[Data records]

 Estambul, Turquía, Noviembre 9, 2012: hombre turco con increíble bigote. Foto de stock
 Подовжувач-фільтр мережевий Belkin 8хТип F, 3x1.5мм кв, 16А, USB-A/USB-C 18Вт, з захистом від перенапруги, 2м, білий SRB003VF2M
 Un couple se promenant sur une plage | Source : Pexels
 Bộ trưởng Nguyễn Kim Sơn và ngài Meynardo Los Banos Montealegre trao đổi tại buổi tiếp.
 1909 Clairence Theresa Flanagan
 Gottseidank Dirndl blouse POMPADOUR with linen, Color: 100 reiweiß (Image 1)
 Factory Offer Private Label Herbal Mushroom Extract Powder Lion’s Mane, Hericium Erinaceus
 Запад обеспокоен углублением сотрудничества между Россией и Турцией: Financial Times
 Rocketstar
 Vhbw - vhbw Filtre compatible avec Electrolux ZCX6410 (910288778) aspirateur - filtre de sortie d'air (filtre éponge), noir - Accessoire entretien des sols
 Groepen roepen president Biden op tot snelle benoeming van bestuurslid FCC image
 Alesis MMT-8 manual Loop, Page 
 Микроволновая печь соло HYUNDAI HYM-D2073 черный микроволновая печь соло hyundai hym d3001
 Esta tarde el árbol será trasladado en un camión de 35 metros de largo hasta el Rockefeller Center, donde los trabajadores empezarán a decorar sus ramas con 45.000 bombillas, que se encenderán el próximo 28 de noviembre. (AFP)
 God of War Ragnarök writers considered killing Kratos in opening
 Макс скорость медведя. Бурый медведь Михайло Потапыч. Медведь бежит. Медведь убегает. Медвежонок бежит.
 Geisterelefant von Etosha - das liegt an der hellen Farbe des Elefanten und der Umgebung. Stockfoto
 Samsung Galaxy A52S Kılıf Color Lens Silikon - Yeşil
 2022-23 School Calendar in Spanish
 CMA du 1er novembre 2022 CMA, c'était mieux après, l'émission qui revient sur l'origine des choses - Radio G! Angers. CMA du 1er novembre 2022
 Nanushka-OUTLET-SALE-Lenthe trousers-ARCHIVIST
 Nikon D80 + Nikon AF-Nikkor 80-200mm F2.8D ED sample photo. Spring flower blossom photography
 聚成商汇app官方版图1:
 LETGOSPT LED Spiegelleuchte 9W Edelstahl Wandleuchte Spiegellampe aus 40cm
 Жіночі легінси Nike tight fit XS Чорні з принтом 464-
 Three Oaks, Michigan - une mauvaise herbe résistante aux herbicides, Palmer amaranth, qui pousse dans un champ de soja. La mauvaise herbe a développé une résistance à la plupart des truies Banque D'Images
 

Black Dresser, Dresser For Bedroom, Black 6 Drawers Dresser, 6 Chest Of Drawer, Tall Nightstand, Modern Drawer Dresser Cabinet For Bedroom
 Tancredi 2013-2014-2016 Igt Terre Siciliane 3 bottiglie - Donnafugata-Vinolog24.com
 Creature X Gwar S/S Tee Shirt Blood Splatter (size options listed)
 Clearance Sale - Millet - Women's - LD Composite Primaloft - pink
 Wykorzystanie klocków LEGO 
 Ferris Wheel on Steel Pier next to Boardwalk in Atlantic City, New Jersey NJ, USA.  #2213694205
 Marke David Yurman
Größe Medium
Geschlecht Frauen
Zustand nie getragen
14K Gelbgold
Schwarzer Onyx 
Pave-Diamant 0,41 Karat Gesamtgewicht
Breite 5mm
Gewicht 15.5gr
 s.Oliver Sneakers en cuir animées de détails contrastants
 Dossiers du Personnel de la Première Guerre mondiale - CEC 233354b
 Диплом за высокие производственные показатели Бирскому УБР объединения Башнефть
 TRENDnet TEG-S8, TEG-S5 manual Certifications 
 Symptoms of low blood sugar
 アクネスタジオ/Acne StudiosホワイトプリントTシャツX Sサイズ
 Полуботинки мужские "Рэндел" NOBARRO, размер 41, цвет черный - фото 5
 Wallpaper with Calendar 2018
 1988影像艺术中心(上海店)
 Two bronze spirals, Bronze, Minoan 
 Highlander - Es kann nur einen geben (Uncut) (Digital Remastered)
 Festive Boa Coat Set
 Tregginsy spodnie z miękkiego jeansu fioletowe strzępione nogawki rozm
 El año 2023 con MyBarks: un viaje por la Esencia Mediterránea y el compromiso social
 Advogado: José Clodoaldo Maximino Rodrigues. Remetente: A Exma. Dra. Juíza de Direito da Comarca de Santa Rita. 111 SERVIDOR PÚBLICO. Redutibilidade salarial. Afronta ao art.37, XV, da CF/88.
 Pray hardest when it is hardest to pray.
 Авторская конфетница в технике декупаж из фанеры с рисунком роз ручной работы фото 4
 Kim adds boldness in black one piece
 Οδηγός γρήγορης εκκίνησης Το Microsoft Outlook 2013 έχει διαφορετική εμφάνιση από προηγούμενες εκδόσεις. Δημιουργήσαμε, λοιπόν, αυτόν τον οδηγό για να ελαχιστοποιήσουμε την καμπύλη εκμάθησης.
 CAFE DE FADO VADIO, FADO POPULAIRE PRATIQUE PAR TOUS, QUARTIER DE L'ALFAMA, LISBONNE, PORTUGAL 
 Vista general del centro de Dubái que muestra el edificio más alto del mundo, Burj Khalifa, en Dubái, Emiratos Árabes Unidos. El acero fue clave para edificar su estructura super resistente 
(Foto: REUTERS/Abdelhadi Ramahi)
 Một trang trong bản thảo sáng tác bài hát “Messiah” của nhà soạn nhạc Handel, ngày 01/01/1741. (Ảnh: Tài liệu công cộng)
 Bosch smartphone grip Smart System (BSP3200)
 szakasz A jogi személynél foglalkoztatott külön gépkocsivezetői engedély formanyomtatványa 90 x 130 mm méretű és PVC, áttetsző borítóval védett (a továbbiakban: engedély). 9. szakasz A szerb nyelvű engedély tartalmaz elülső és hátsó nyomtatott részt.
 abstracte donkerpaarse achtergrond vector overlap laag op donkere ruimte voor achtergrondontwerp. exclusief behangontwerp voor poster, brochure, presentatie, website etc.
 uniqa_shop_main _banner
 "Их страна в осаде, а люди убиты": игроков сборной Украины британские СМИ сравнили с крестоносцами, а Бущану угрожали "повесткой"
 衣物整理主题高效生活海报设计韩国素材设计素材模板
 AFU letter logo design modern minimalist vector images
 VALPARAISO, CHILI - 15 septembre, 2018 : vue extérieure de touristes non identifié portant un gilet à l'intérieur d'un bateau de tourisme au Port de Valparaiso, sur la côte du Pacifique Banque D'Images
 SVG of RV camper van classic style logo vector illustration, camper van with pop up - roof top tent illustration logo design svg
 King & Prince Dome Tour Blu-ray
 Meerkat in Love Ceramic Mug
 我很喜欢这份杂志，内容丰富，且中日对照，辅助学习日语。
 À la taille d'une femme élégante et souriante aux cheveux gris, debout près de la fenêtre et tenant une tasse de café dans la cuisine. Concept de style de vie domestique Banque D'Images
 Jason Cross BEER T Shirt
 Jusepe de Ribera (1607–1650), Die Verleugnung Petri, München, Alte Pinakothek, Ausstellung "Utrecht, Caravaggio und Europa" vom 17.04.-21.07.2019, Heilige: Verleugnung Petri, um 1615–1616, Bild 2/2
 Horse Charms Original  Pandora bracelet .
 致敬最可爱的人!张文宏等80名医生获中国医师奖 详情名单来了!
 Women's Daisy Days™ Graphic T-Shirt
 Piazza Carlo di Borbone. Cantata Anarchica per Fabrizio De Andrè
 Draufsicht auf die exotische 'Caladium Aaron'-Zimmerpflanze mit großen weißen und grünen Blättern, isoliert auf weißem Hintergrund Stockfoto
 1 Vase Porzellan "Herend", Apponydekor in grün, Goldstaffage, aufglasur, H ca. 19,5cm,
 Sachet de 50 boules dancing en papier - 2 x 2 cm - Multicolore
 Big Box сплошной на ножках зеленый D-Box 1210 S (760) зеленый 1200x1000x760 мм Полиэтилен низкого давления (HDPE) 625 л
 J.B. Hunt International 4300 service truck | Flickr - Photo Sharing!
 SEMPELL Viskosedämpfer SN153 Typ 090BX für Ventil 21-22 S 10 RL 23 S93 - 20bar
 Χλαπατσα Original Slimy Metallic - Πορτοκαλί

[/Data records]

Could you report how many lines in the data above include the word "dans"? Give the number and nothing more.

2